Jiro is ultimately a film of and about passion. It focuses, in a general sense, on the eternal quest of great men to achieve perfection– to create one perfect thing. And if we are to believe Jiro Dreams of Sushi, this 10-seat restaurant may be the closest to perfection as any man has come in the development of his craft. With incredible passion and a work ethic beyond that of most men, Jiro spent decades refining his techniques and is now considered by many to be the single greatest sushi chef in the world. And yet, Jiro exclaims, “all I want to do is make better sushi.” So he refuses to retire. In my life, I’ve never encountered a man with such drives as those Jiro expresses in the film, and therein lies the film’s ability to inspire viewers.
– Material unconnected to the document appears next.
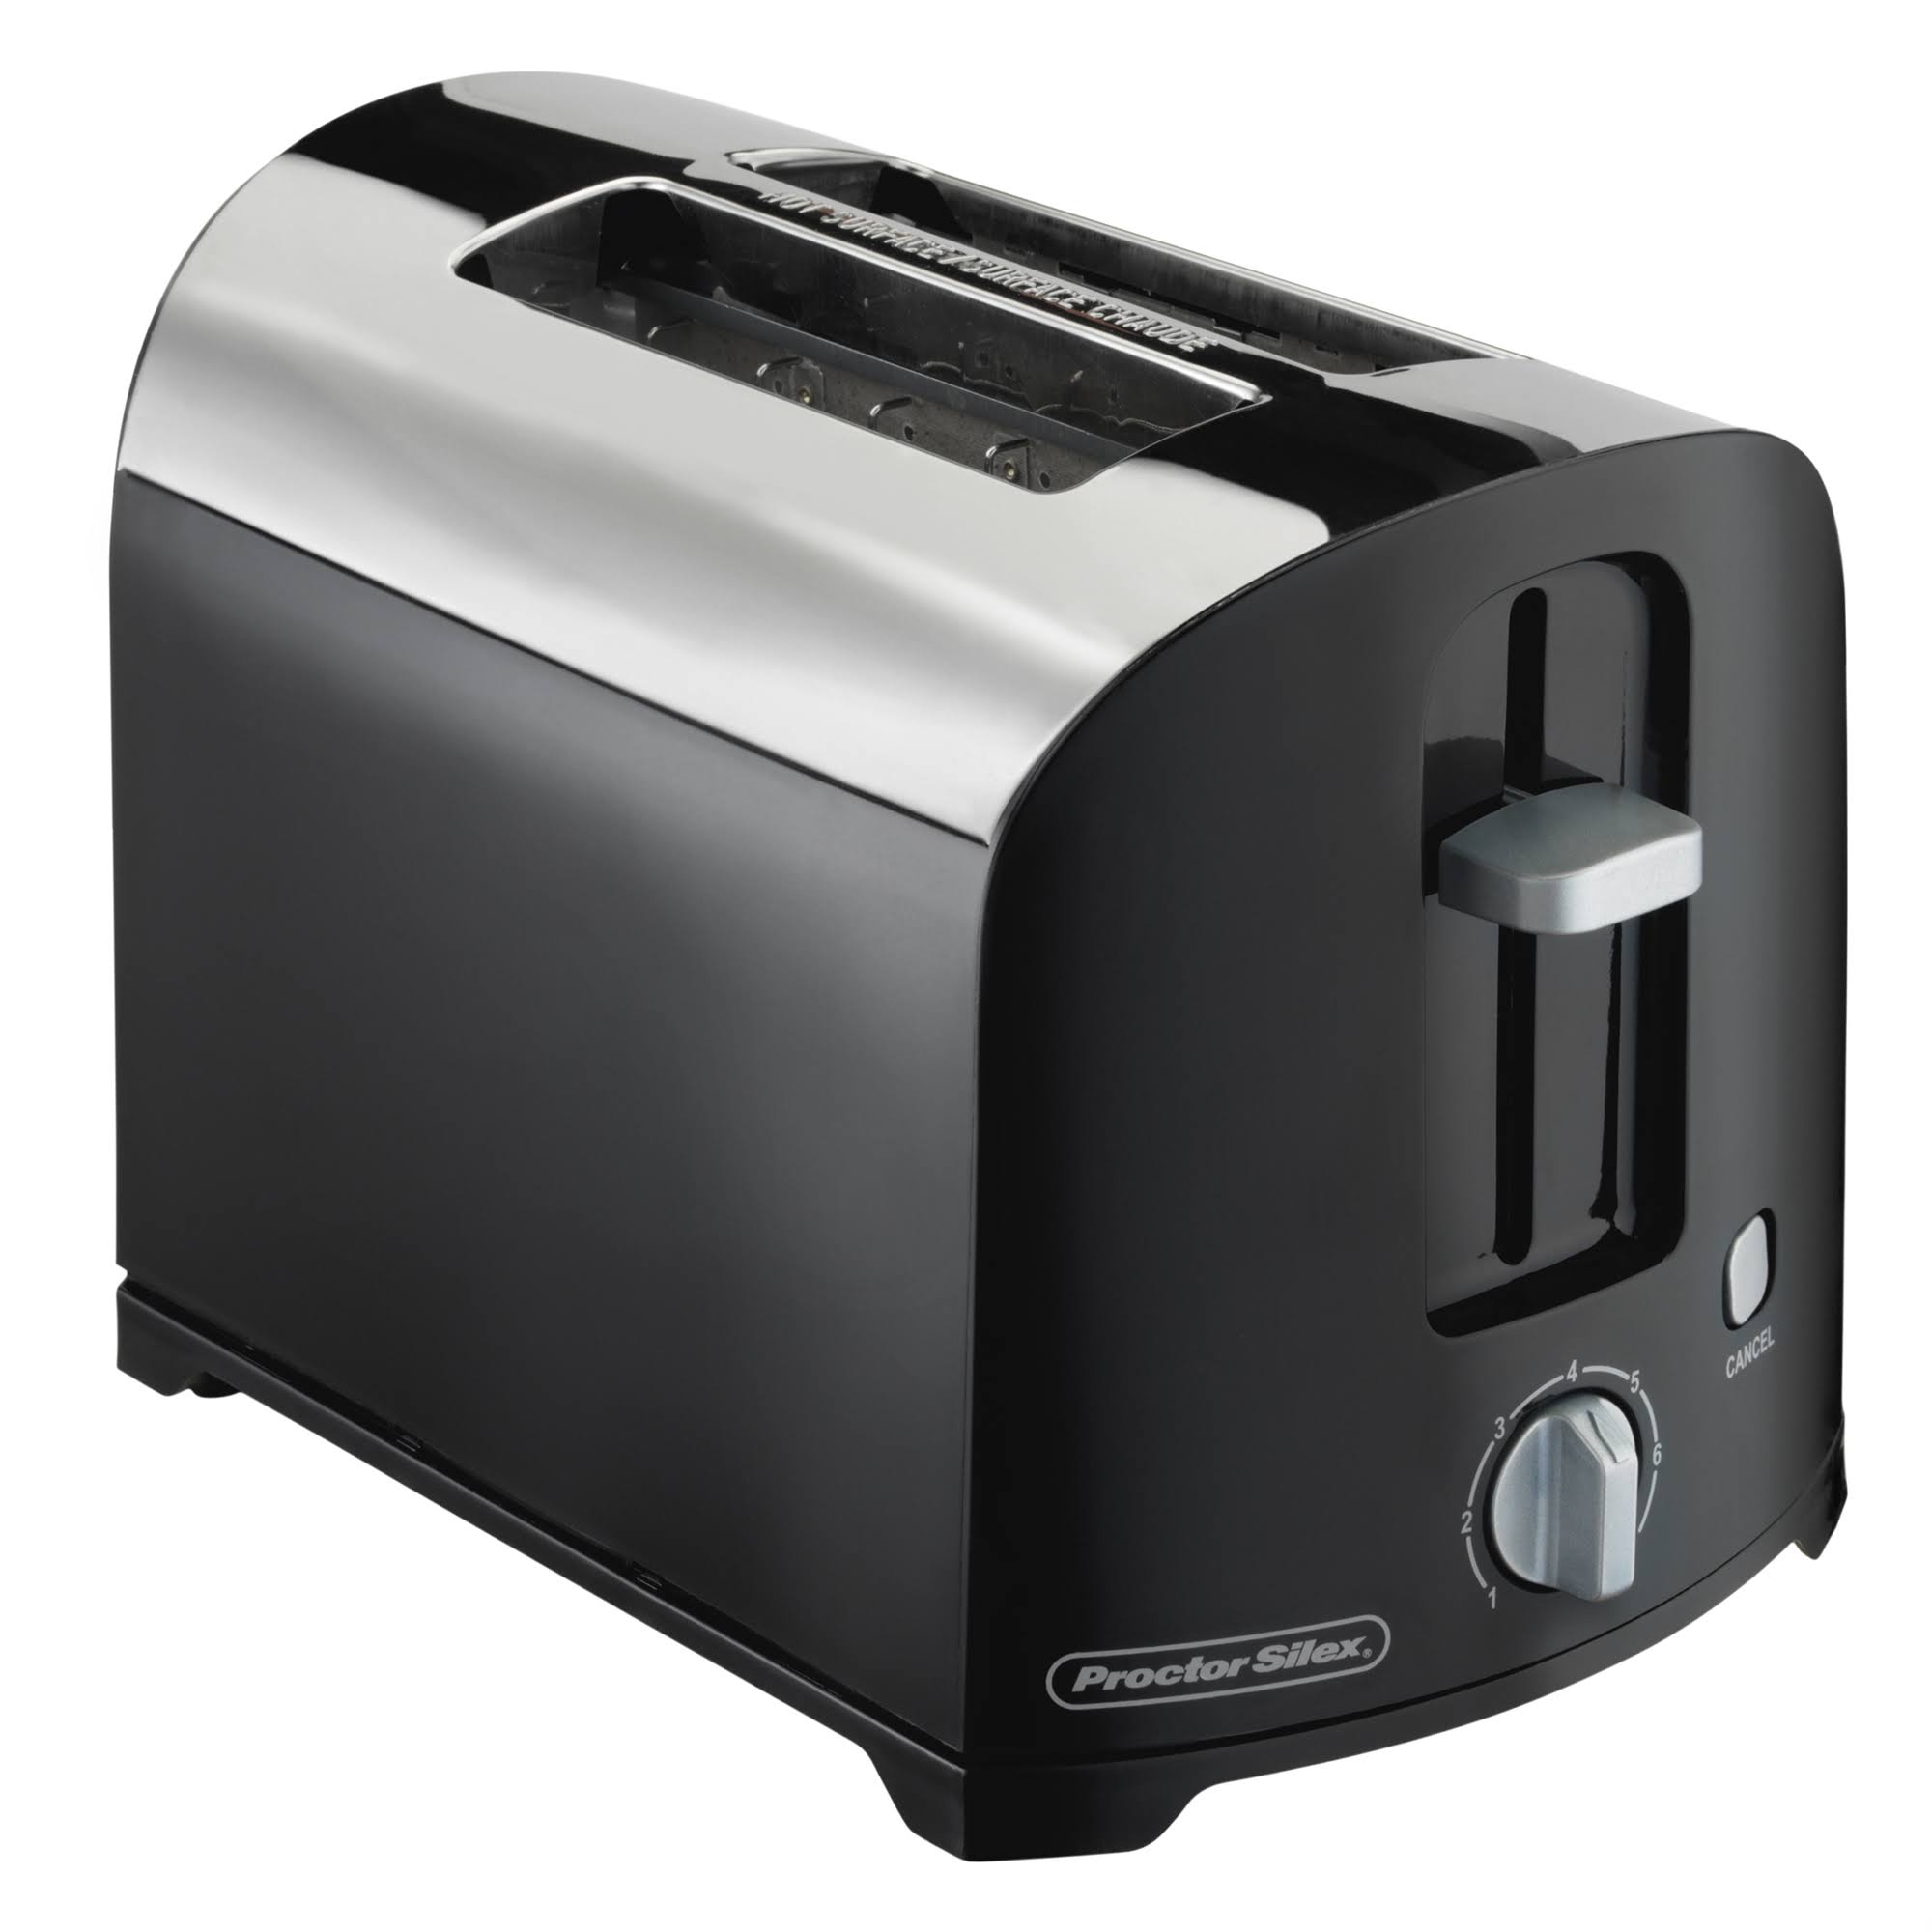 Proctor Silex Toaster - Black Chrome

With Gelb behind the camera, the film boasts some thoroughly impressive documentary cinematography, even if it is at times a bit fisheye lens-heavy (and no, I don’t think having the word “fish” in the name of the lens alone justifies its extensive use here). The film’s only real flaw is structural in nature. The documentary opens with a strong narrative focus as it introduces us to Jiro and his family, but loses much of its coherence as it moves into its last half hour. Thereafter, Jiro meanders from one Sukiyabashi-related subject to another without apparent motivation. Even still, the overall strength of the Jiro as the film’s central character makes even the weakest portions of Jiro Dreams of Sushi an absolute delight to watch.
Special features on Magnolia Home Entertainment’s Blu-ray release of Jiro include deleted scenes, extended sequences centered on the masters of the various ingredients that go into Jiro’s sushi, a sushi slide show set to classical music, the theatrical trailer, and feature-length commentary by Gelb and editor Brandon Driscoll-Luthringer.